__Recorded data__:
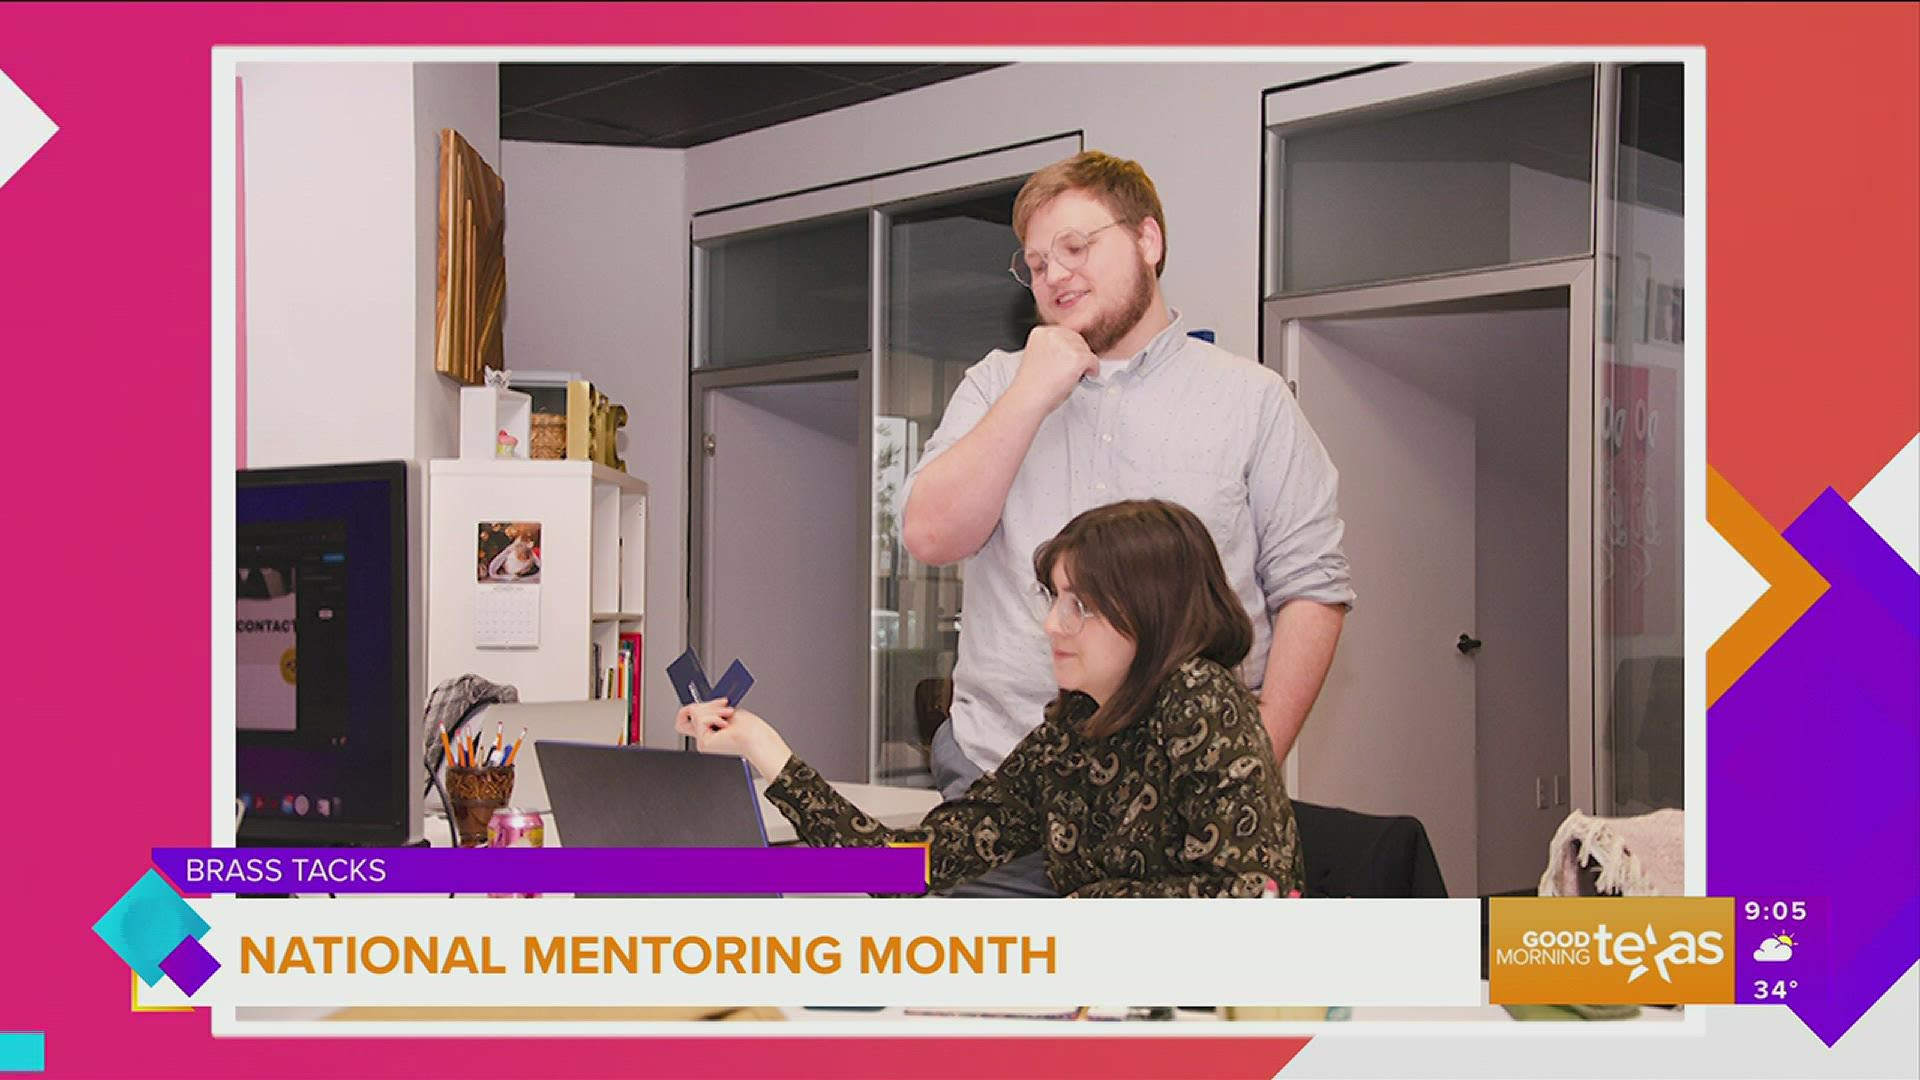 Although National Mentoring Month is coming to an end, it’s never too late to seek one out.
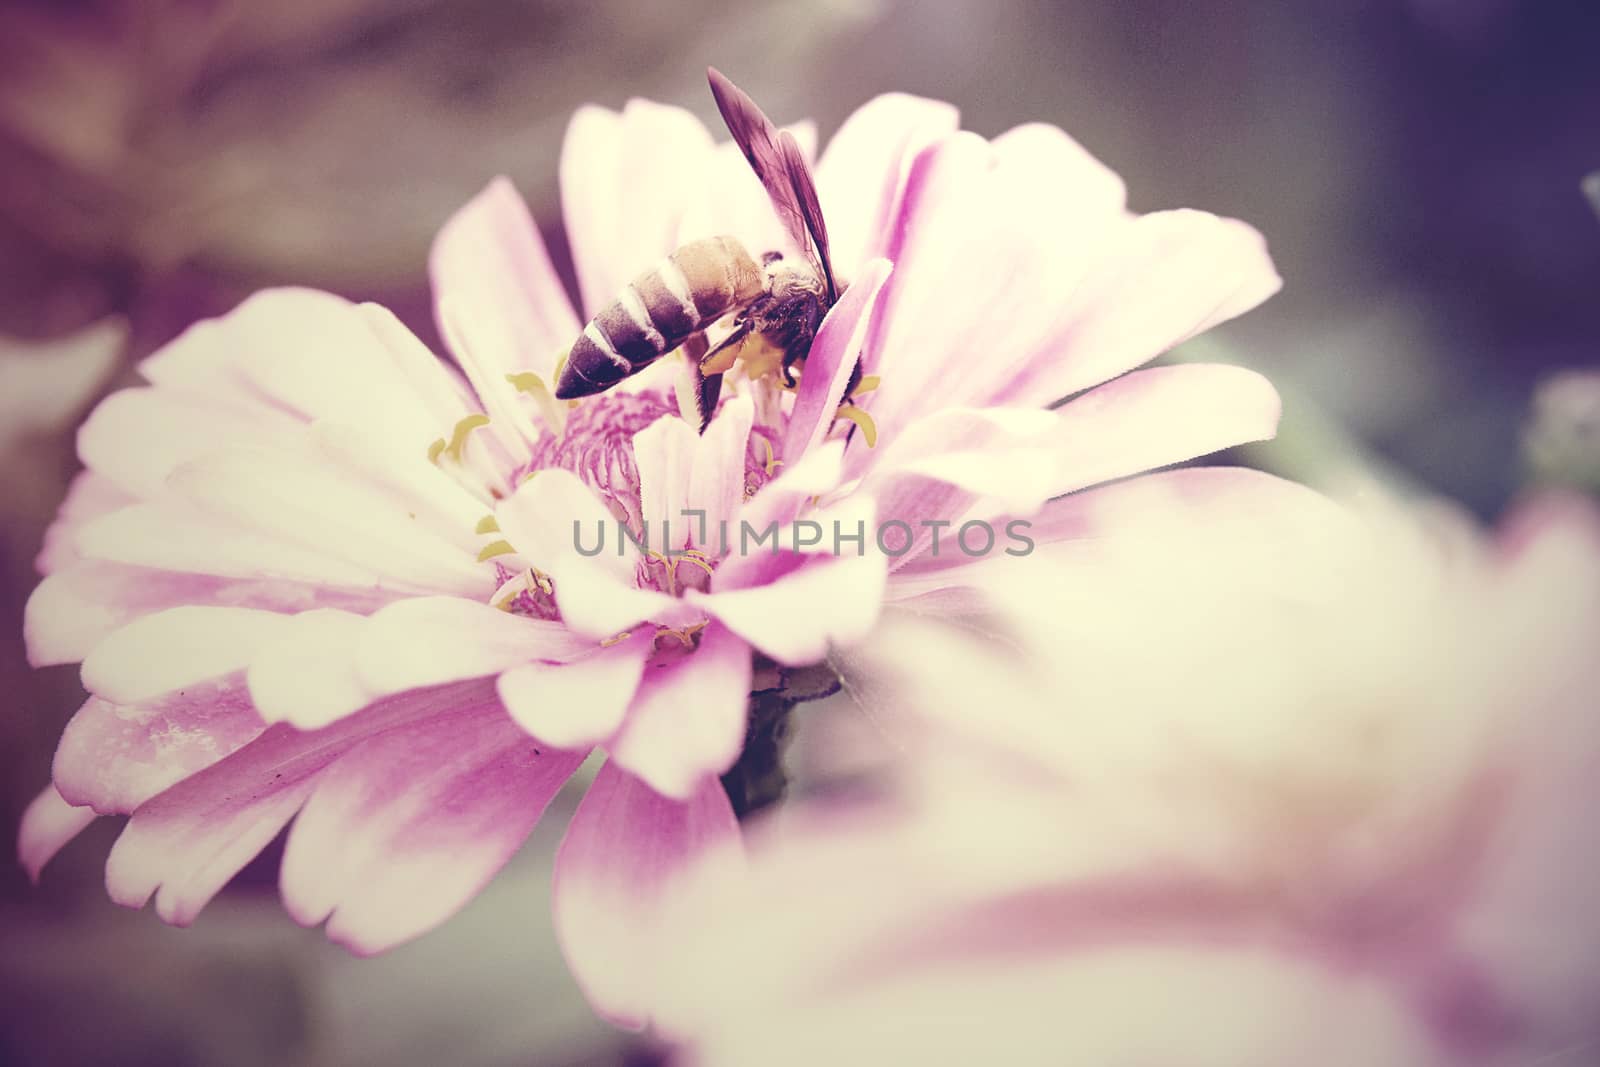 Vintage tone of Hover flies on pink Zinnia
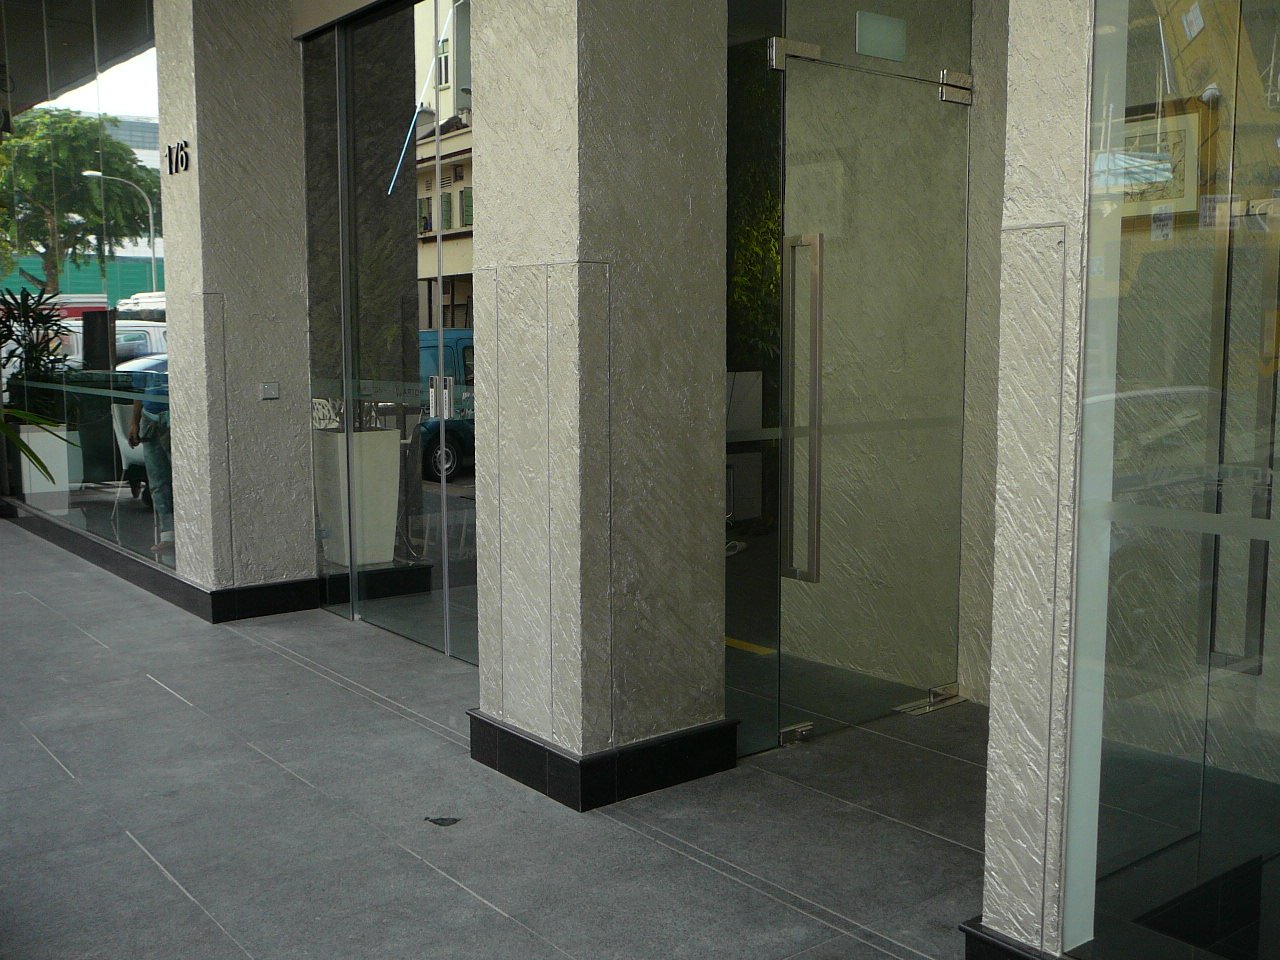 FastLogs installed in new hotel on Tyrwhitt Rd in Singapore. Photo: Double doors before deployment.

__What is being asked__: The answer must be the listing above, restated word for word, with no images in it.

__Solution to this exercise__:
 Although National Mentoring Month is coming to an end, it’s never too late to seek one out.
 Vintage tone of Hover flies on pink Zinnia
 FastLogs installed in new hotel on Tyrwhitt Rd in Singapore. Photo: Double doors before deployment.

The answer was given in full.